# Christchurch - schools



## Ramjet2012 (Oct 3, 2012)

I read somewhere that there are some schools that might be closing down in Christchurch ... Why is this?


----------



## Chc (May 16, 2012)

Ramjet2012 said:


> I read somewhere that there are some schools that might be closing down in Christchurch ... Why is this?


Due to the earthquake a number of people in the city have moved either within Christchurch or out completely... Because of the changing school role numbers and the cost of fixing the classrooms they have decided to consolidate a number of schools.


----------



## Ramjet2012 (Oct 3, 2012)

Thank you. We are looking at re-locating to Christchurch next year. We have 2 kids age 6 and 9. Starting to do research about schools.
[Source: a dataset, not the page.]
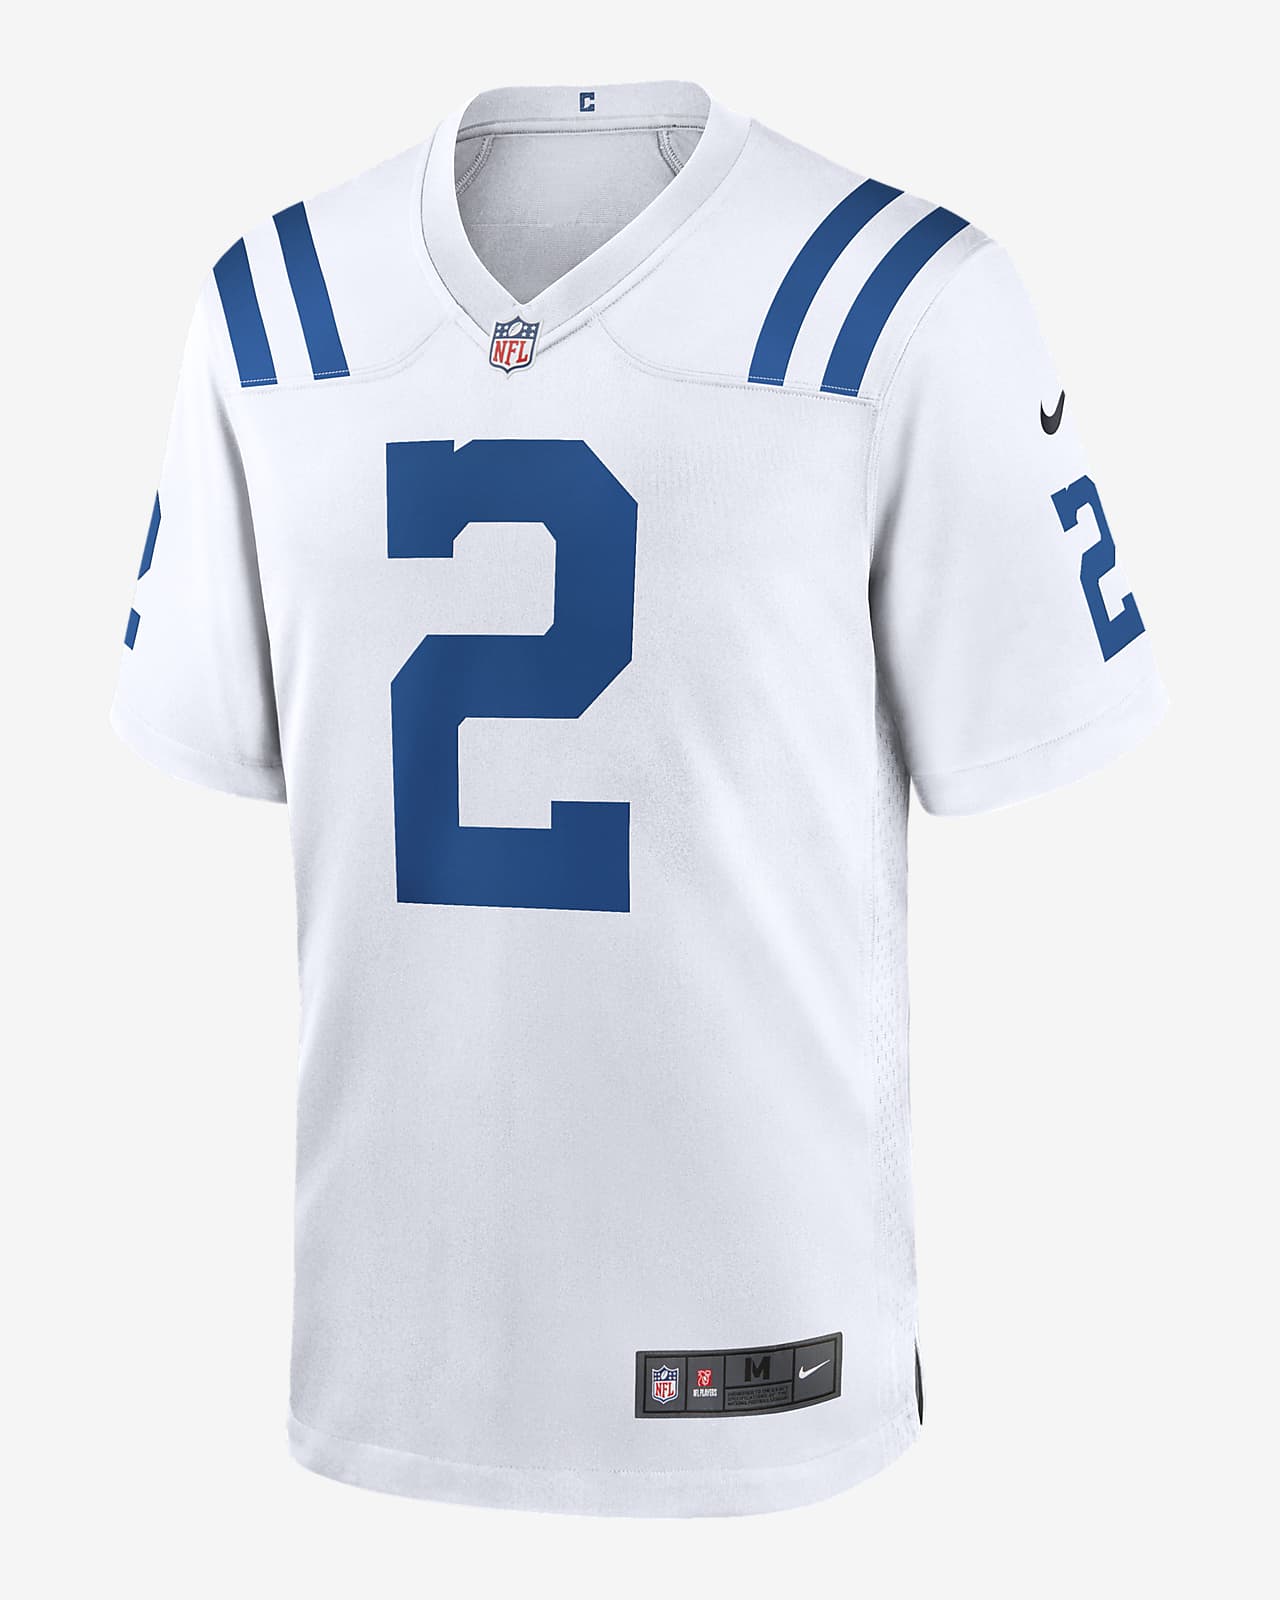 NFL Indianapolis Colts (Carson Wentz) Men's Game Football Jersey. Nike.com

Any areas good?


----------



## bhullo (Dec 28, 2010)

Hi go to the nz government website and will give you decile ratings the higher the number the better socio economic group you can also get the schools report off the web bit like the ofqual reports in the uk 
Hope this helps


----------



## Chc (May 16, 2012)

Yes, I agree with bhullo - the general 'decile' rating will give you an indication of school - check out List of schools in Christchurch - Wikipedia, the free encyclopedia. You can also check out the national standards results online at School Report - Search which report on student achievement in Reading, Writing and Mathematics.

You can then read a school's ERO report Home - Education Review Office (Educational Review Office) which should give you an insight into the school.


----------



## Ramjet2012 (Oct 3, 2012)

Thanks. Will do.


----------